It’s a simple platformer, with a clever caveat – the 2D screen is arranged in a jumble – the whole is divided into mismatched slices and strewn across the screen. Each level presents a new maze to power through, allowing the player to naturally connect the screen shards in his/her mind until it’s obvious how to muddle through.

The game works so well because it’s designed to make you feel smart – the most addictive sensation in all of puzzle-dom. It just feels intuitive – you never have to map out the route from screen to screen deliberately, as you’ll easily fall (or stumble, or jump) onto the solution. Playing it feels utterly natural, making you feel like some kind of visual-spatial genius for figuring it out without sketching things on graph paper off-screen.
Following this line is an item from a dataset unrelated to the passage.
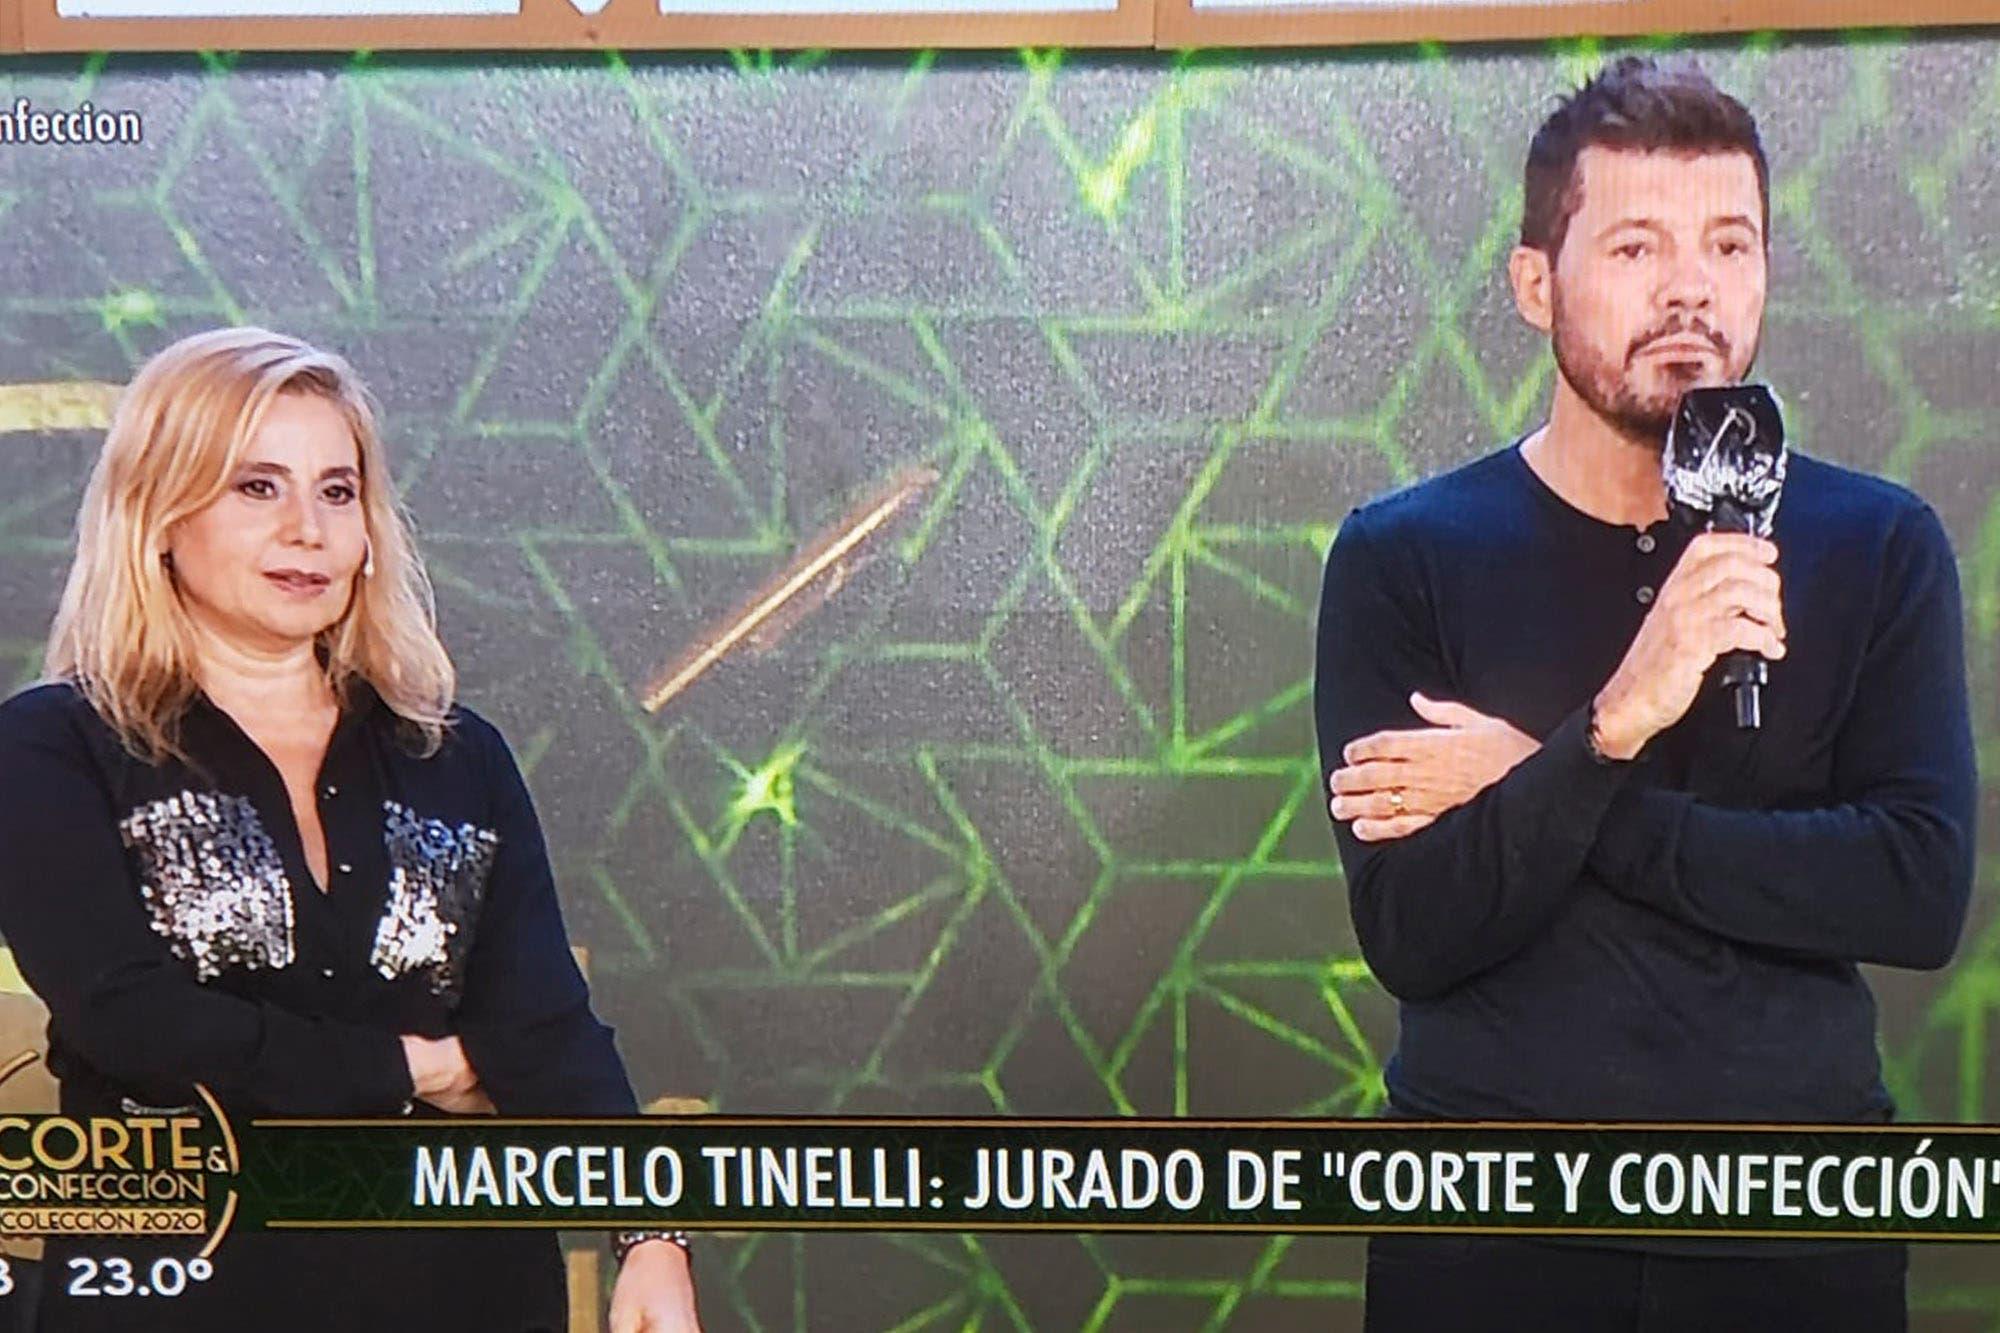 Marcelo Tinelli apareció de sorpresa en Corte y Confección y habló sobre su accidentado regreso

This is precisely what makes Fractured special – as much as I hate to compare it this way, it feels almost Portal-lite in its ability to subtly communicate exactly what you need to do and where you need to go next. Jump in one shard, and the very tip of your hat shows up in another, lending to a flash of inspiration and the next step along the way. Look closely, and notice that a tree sprite is bisected onto two shards in a strange angle – jump over and find the next stepping-stone to your goal. The game never punishes missteps, encouraging you to explore and inch along towards victory. It never hands you success, either, hitting that sweet spot where brilliant design makes you feel confident in your own brilliance.

It’s a rare feat – perhaps even rarer in the Flash world. Hats off to McCallum, and to everyone else innovating the genre out of its cliches.